« Je ne pense covid qui nous sépare. » On a vu émerger ce slogan dans les rues de Bruxelles pendant le confinement, évoquant l’état d’impuissance sidérée dans laquelle 2020 nous a plongé.e.s. Covid, la petite dernière de la série noire des crises sanitaires, sociales, écologiques, financières a bien enraciné les principes d’une logique de fractionnement. Celle-là a creusé l’écart dans la répartition des ressources et des richesses, des pertes et des bénéfices, accentué les inégalités en précarisant et en invisibilisant à l’extrême des communautés entières de vivant.e.s, déroulé le tapis rouge à des expert.e.s capables de vomir des chiffres déshumanisants et de nous confronter à des dilemmes vides de sens : la vie ou l’économie ?
Comment réagir face à de telles situations d’urgence ? Et quels moyens se donne-t-on pour résister aux « alternatives infernales1 » ? On ne peut répondre à ces questions depuis un prisme strictement artistique, on se place forcément comme acteur.rice d’un contexte plus global. Et il s’agit de trouver le juste équilibre entre plusieurs temporalités et lignes de front : pallier aux incuries, s’impliquer dans des solutions directes et immédiates et/ou mettre à contribution ses outils esthétiques pour renouveler la bataille des imaginaires et tenter d’apporter une réponse décente, durable, à cette crise de nos relations existentielles au vivant.

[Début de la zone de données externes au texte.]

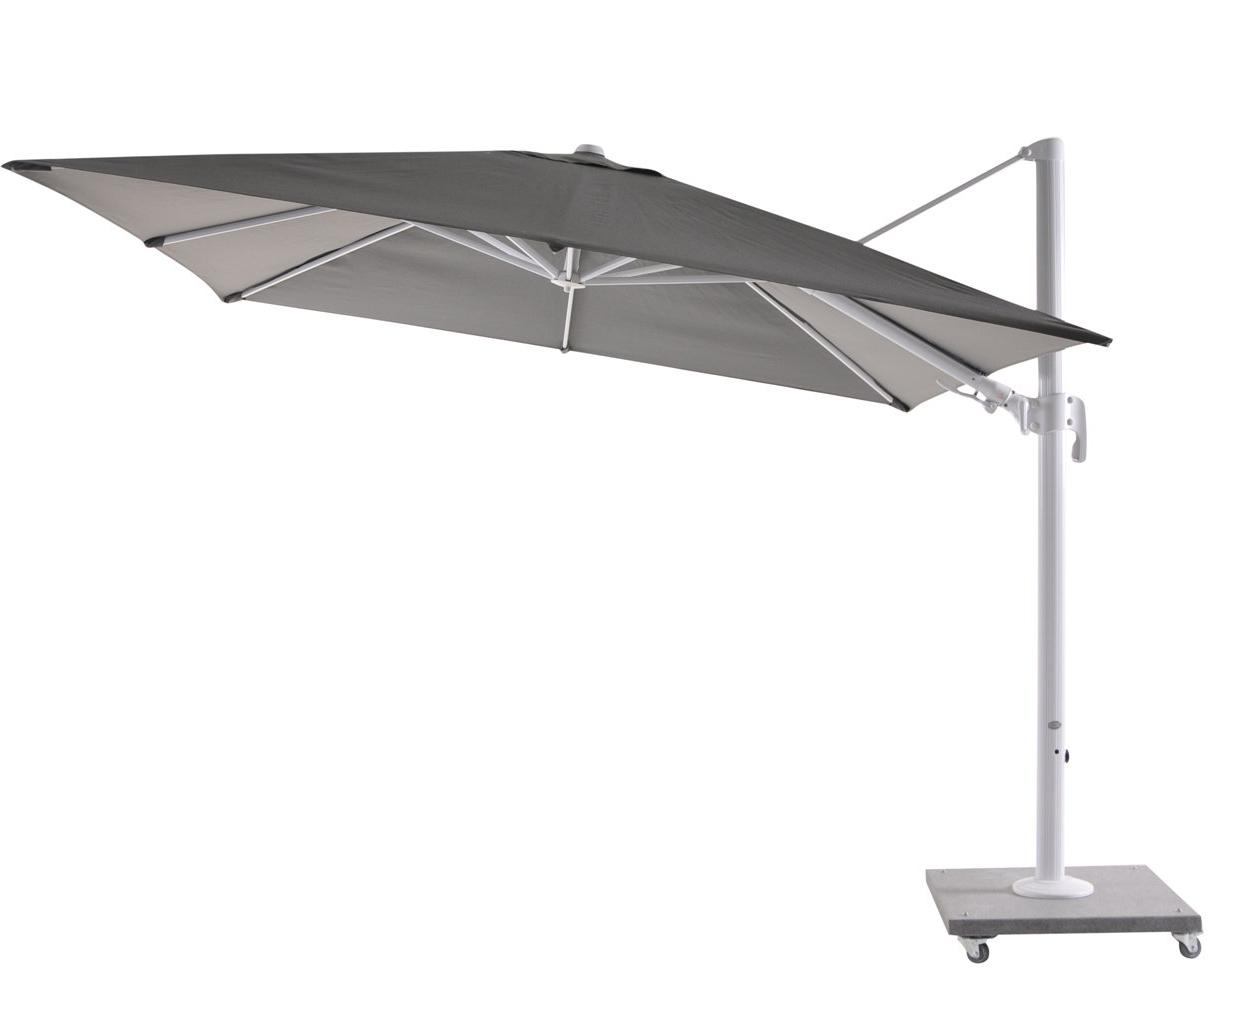 Bozarth 10' Square Cantilever Umbrella In Well Liked Bondi Square Cantilever Umbrellas (Gallery 17 of 20)

Des dispositifs de solidarité capables de répondre aux urgences sociales et sanitaires provoquées par l’épidémie de Covid ont été mis en place pour combler les manquements des pouvoirs publics. Des expériences auto-gestionnaires ont montré qu’on pouvait détourner une conception autoritaire du pouvoir ; une intelligence collective de non expert.e.s s’est solidifiée démontrant qu’on pourrait prendre congé de la vision économique dominante qui distancie et isole. Qu’est-ce alors qu’agir en tant qu’artiste ? L’enjeu des situations de destruction dépasse celui d’un renouvellement des statuts et des formes. Plutôt que de faire de ces expériences de nouveaux spectres, peut-on rendre tangibles leurs potentialités ? Faire exister et perdurer les lieux d’entraide et les pratiques de partage qui ont vu le jour, en garder la trace, faire mémoire en donnant à écouter la multitude des témoignages et des récits qui s’écrivent en marge d’un discours officiel prisonnier d’une conception néolibérale. Plutôt que de compter les mort.e.s, c’est de ces expériences qu’il nous faut nous contaminer pour nous réapproprier l’espace et la vie publiques. (Ré-)habiter le vide qui (nous) sépare, renforcer nos alliances et dessiner une nouvelle carte de répartition des forces.
Des situations d’attention et d’écoute comme valeurs politiques
La plateforme Loop‑s est née d’un premier projet, Approche, que j’ai mené avec Laurie Bellanca et Luce Goutelle, et qui s’est déroulé à la fin de l’année 2015 dans six cafés de six communes de Bruxelles. Les auditeur.rice.s rassemblé.e.s dans les cafés entendaient, par le biais d’ondes hertziennes émises par des radios FM posées sur les tables, les récits de bruxel-lois.e.s avec qui nous nous étions entretenu.e.s au sujet de leurs techniques d’approche. Nous avions rencontré des personnalités très diverses : un homme sage-femme, une adepte du spiritisme, un éthologue, un lobbyiste, la doublure de Naruto… Approche s’est déroulé en décembre, juste après les attentats consécutifs de Paris et Bruxelles suivis du lockdown. Quand la ville s’est retrouvée occupée par les chars militaires, la place de la Bourse métamorphosée en mémo-rial des victimes : alors que les informations déglutissaient du repli sur soi, nous enregistrions les voix des habitant.e.s de Bruxelles sur les différents langages qu’iels mettaient en œuvre, parlés, écrits, corporels, rituels, pour aller au devant de l’autre, aborder et entrer en relation avec l’inconnu. Avec les habitué.e.s ainsi qu’une petite communauté de complices et de curieux.se.s et qui nous accompagnait et s’augmentait de soir en soir, nous avons réinvesti café, bar et bistrot comme théâtres de petites expériences et de temps partagés.